WORK REQUEST: Begin at the line below that has "Flower Print Ruffle Hem Dress". Stop after the line that has "Plastové pouzdro na", repeating each line exactly and leaving out the pictures.

PROVIDED RECORDS:
○ ○ ○

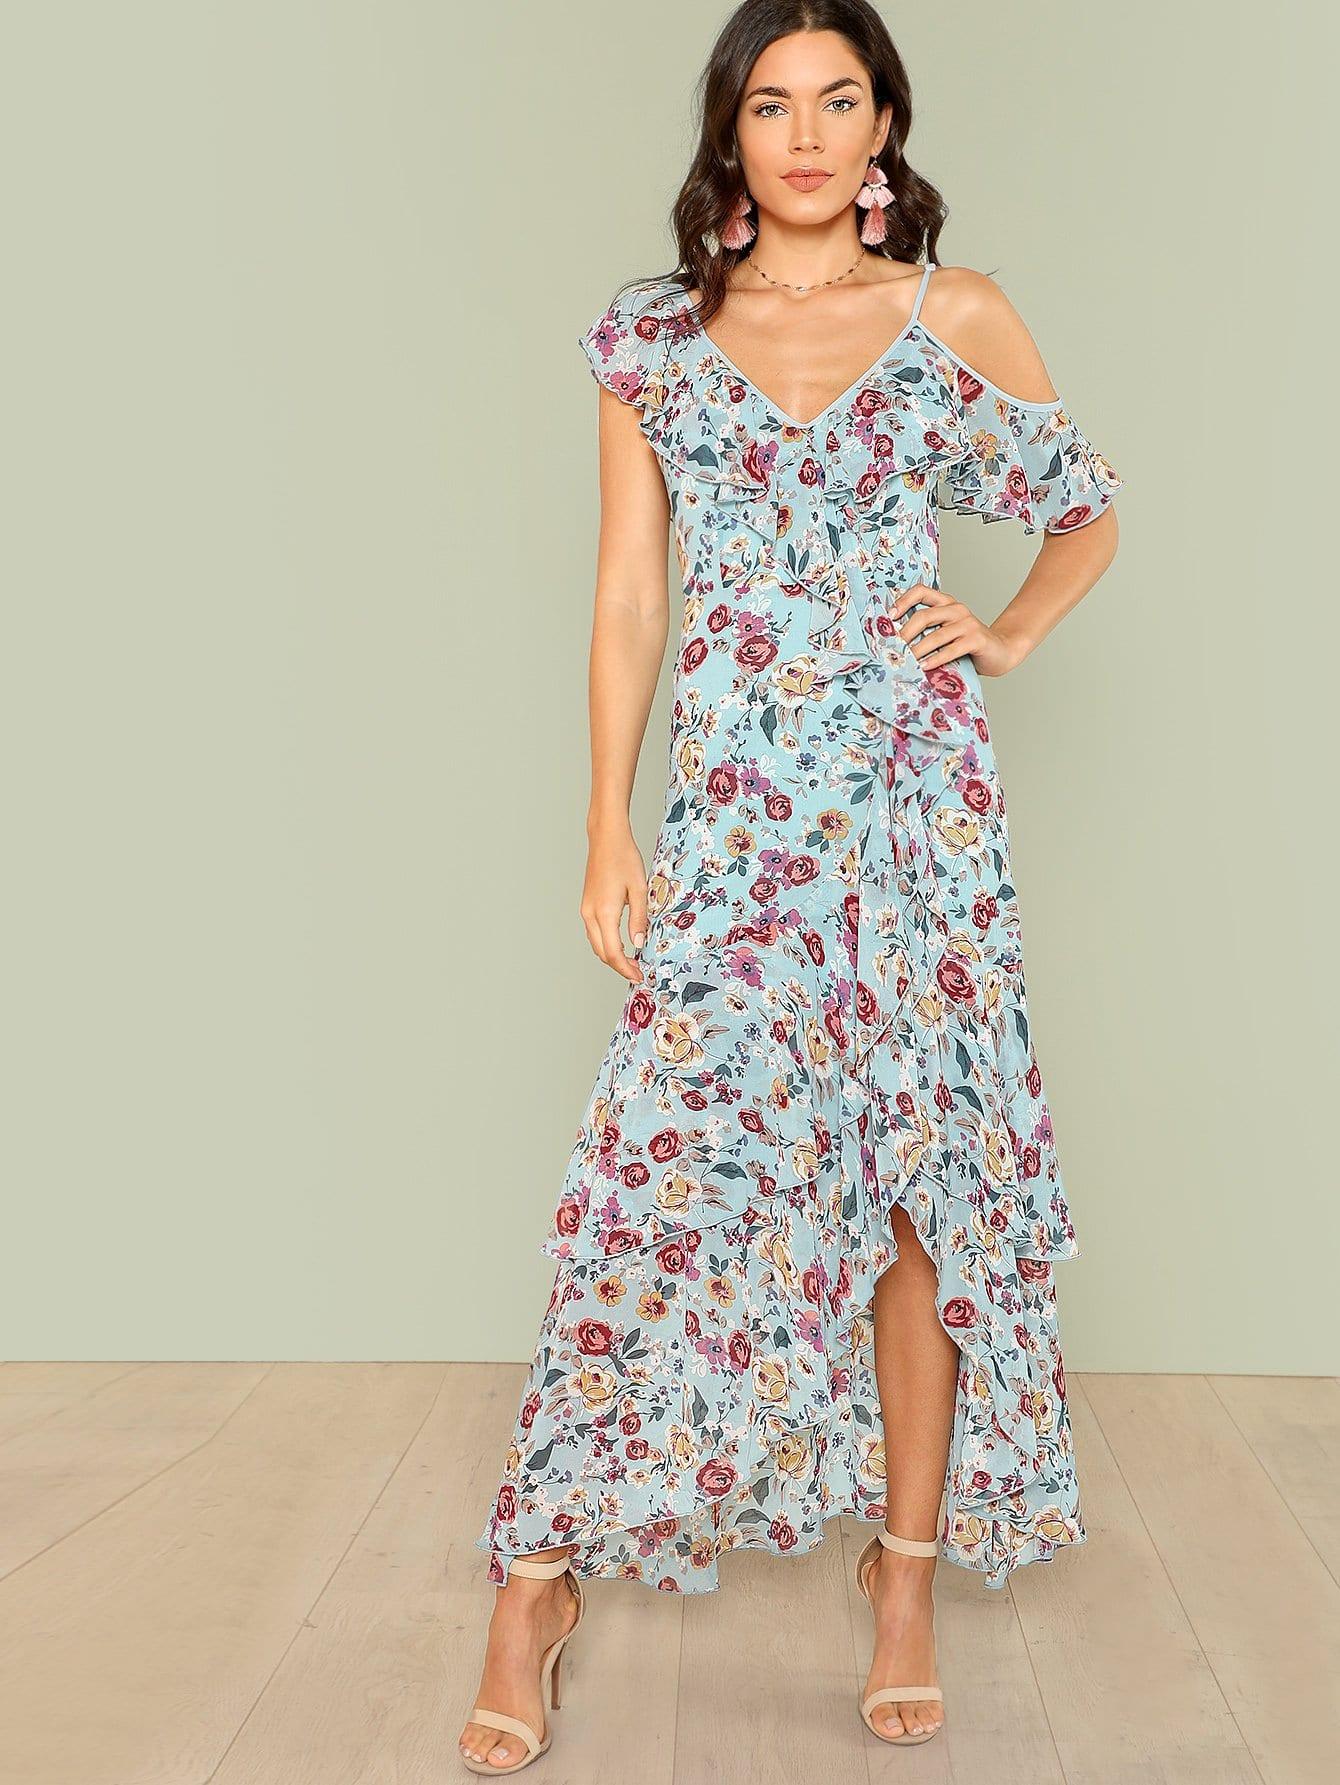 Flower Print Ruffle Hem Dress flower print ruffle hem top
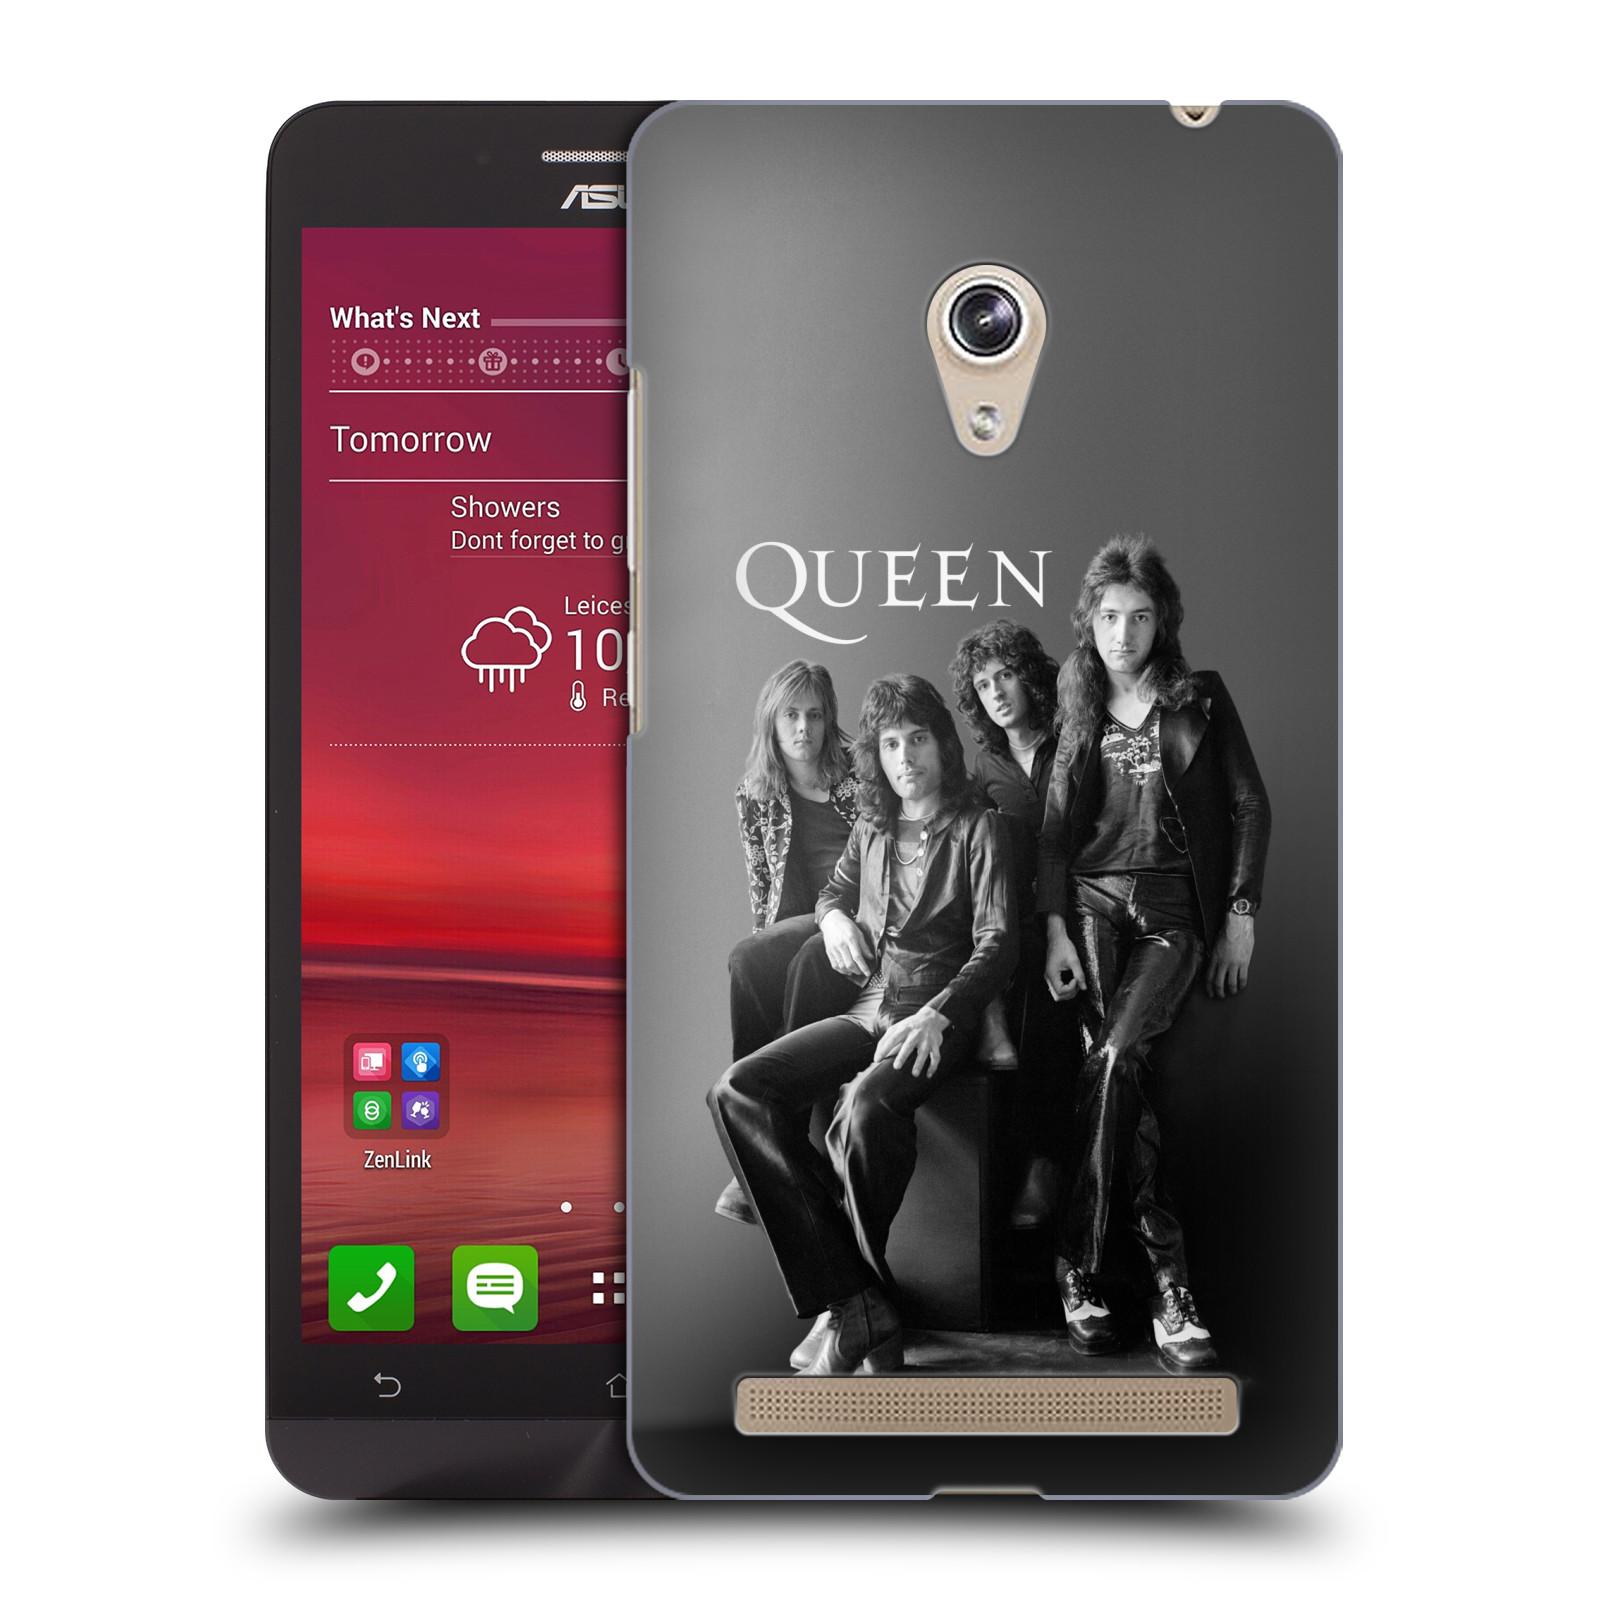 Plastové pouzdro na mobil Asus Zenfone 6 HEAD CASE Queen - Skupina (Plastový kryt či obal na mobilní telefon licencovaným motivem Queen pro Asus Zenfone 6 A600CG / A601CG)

○ ○ ○

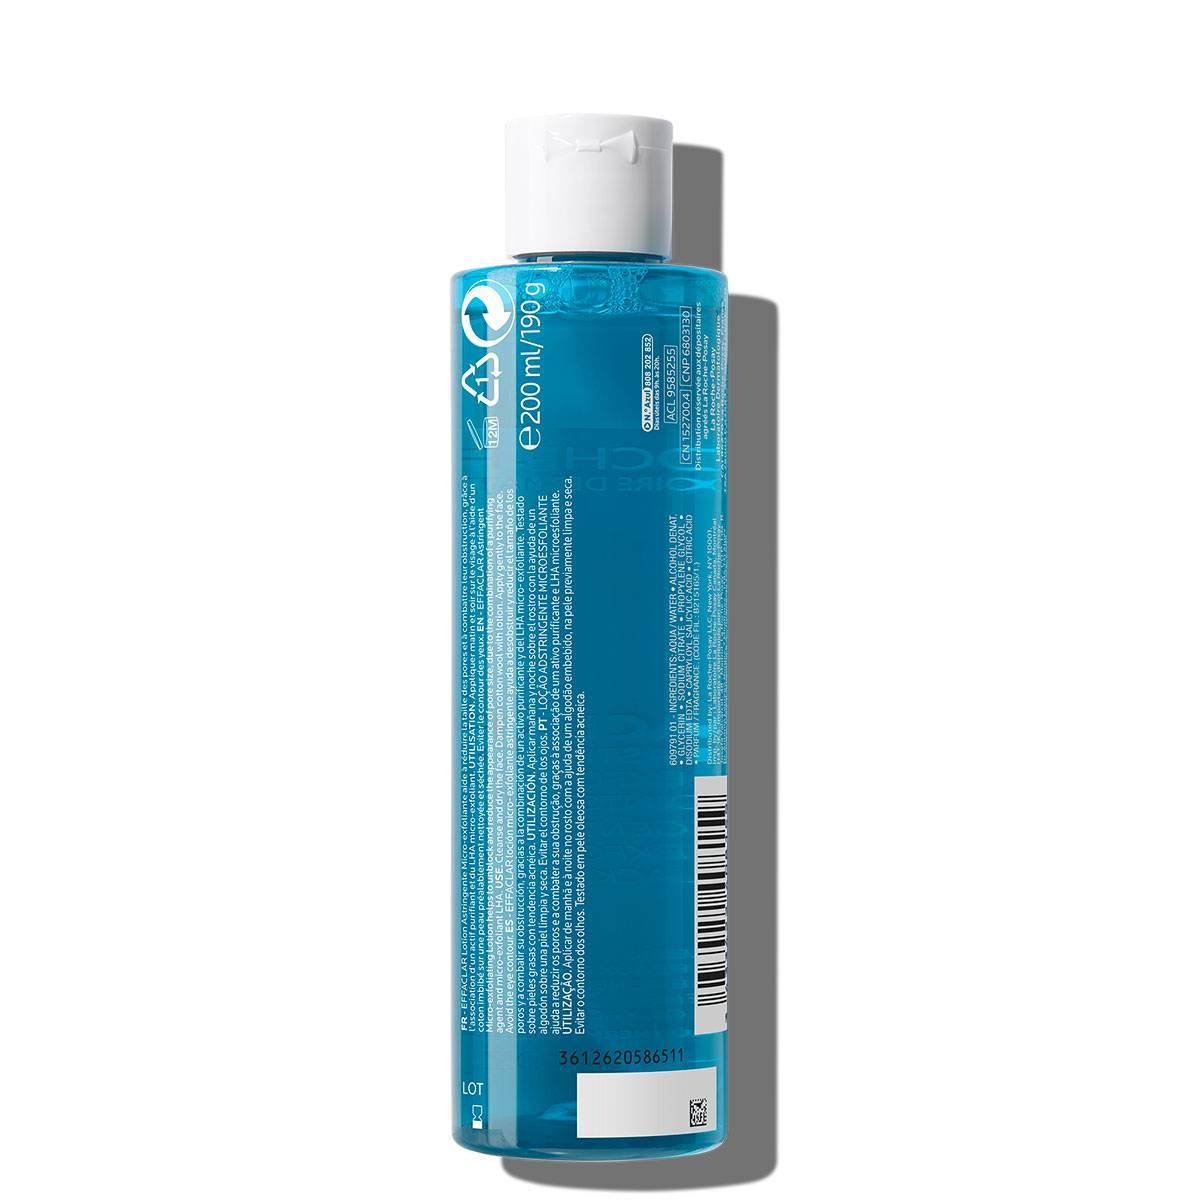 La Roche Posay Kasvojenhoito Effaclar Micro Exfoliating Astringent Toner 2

○ ○ ○

TASK ANSWER:
 Flower Print Ruffle Hem Dress flower print ruffle hem top
 Plastové pouzdro na mobil Asus Zenfone 6 HEAD CASE Queen - Skupina (Plastový kryt či obal na mobilní telefon licencovaným motivem Queen pro Asus Zenfone 6 A600CG / A601CG)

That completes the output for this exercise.